John McAfee Offers To Decrypt San Bernardino iPhone For the FBI and Save America (hothardware.com)
MojoKid writes: Wondering what John McAfee is up to these days? It's not sniffing bath salts nor is he fleeing foreign countries as a person of interest in a murder investigation and faking heart attacks (been there, done all that) ; instead, he's on a mission to save America. How so? By cracking the code on the San Bernardino iPhone that's causing such a ruckus. McAfee didn't just criticize the FBI; instead he offered a potential solution. Let him and his team of hackers break into the iPhone without any help from Apple. "With all due respect to Tim Cook and Apple, I work with a team of the best hackers on the planet. These hackers attend Defcon in Las Vegas, and they are legends in their local hacking groups, such as HackMiami. They are all prodigies, with talents that defy normal human comprehension," McAfee said. Eccentric rant aside, McAfee's offer is simple - give him three weeks and he will, "free of charge, decrypt the information on the San Bernardino phone" with his team of hackers. He'll do it using mostly social engineering.
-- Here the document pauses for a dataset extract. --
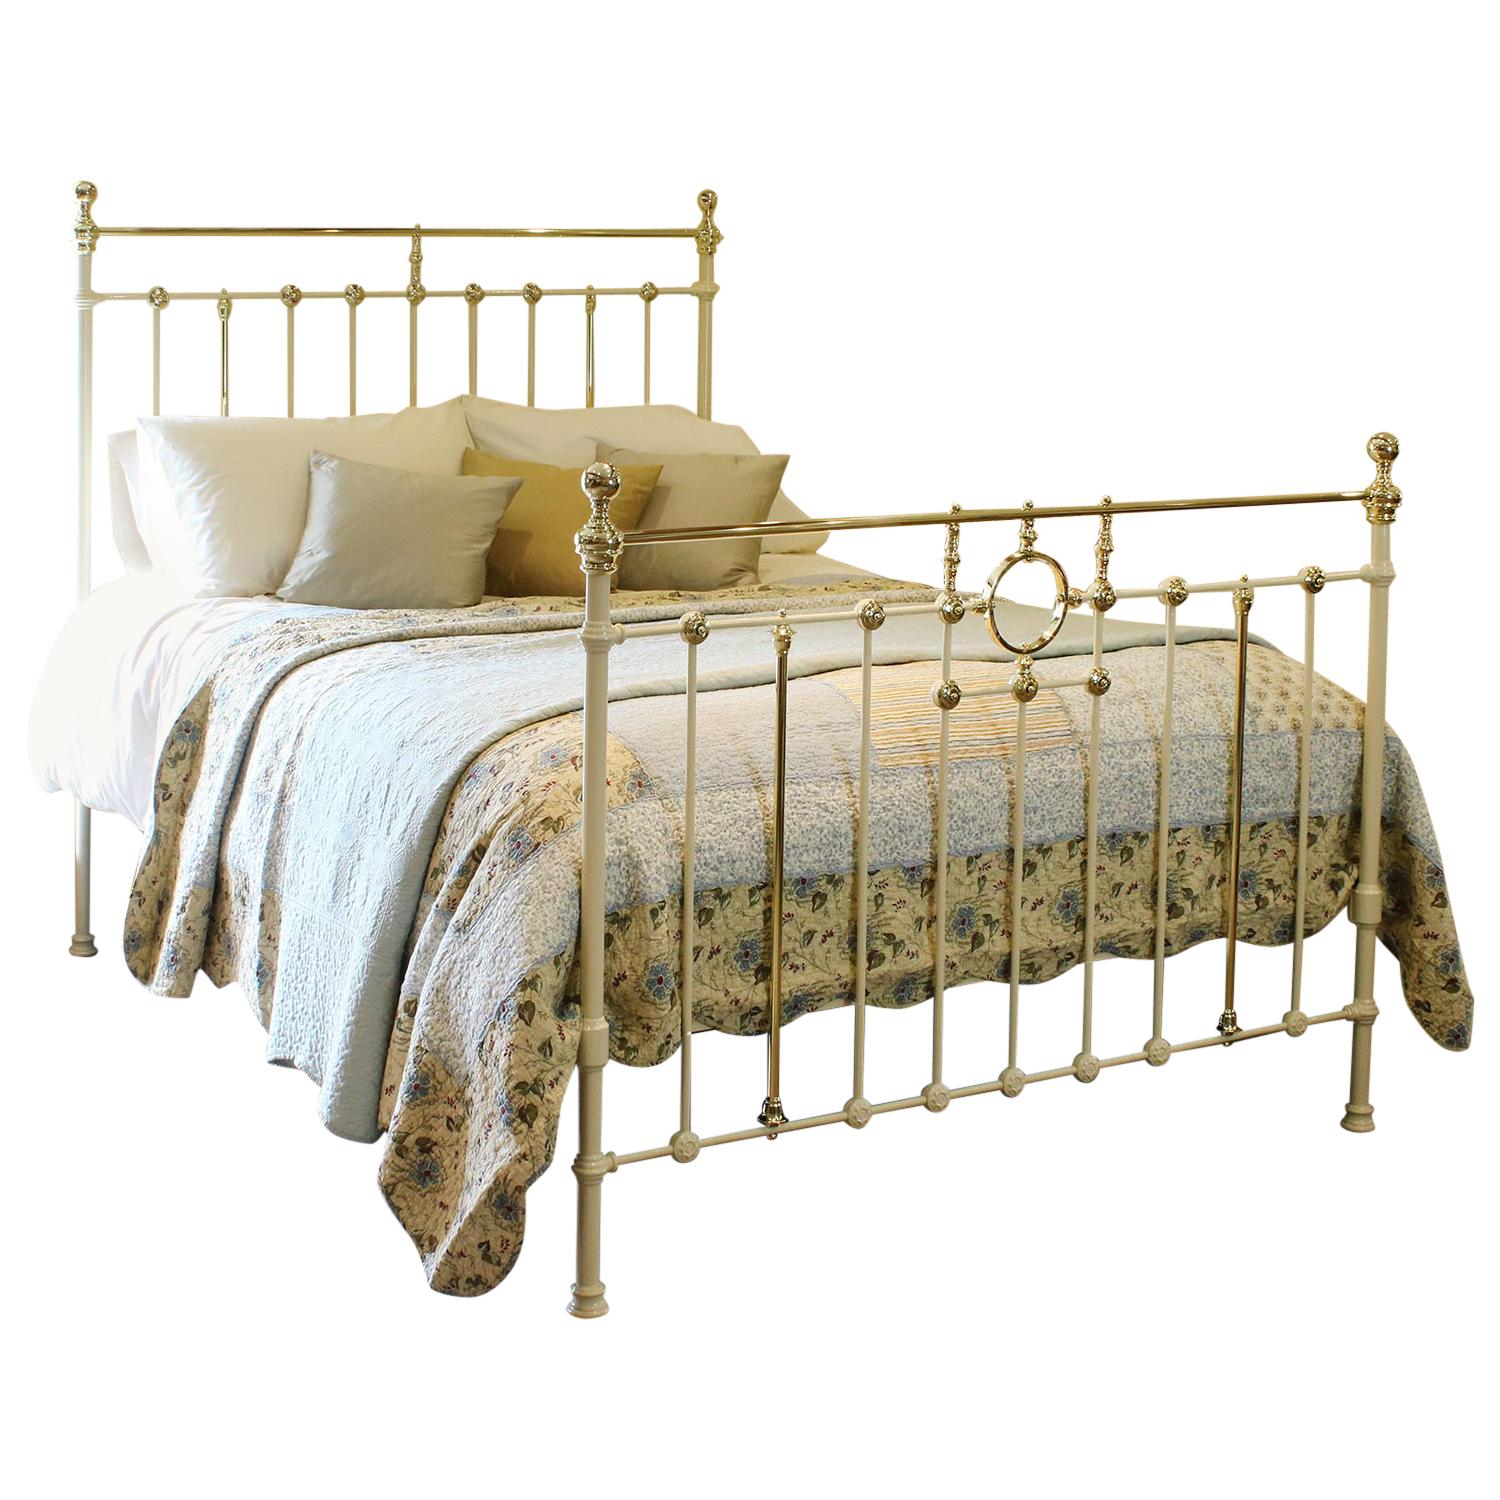 Decorative Brass and Iron Bed, MK149

McAfee is clearly off his rocker. The only person or persons who he could expect to socially engineer his way through are dead.
You dont get it. This is the FBI's 'Rosa Parks' moment. They are using an incendiary case to force the issue that unbreakable encryption should not be allowed in casual use. They are trying to force the idea that it should be illegal to make an unbreakable lock and they are using this case to ram it home. They dont really give a shit about the data in this case, they want to cow the tech sector into not making their jobs harder.
THIS! I wish that I had mod points. You are correct, the case is entirely political. The Guardian has an article that explains in depth what you very succinctly stated. The big takeaway is that the actual data in this case doesn't really matter. However, the feds were fishing for the perfect inflammatory case to establish legal precedent (NPR had a great story on it earlier this week with a legal analyst who said that the Justice Department knew exactly what they were doing when they chose this case). Tim Cook is spot on in fighting this as a precedent matter more than anything else.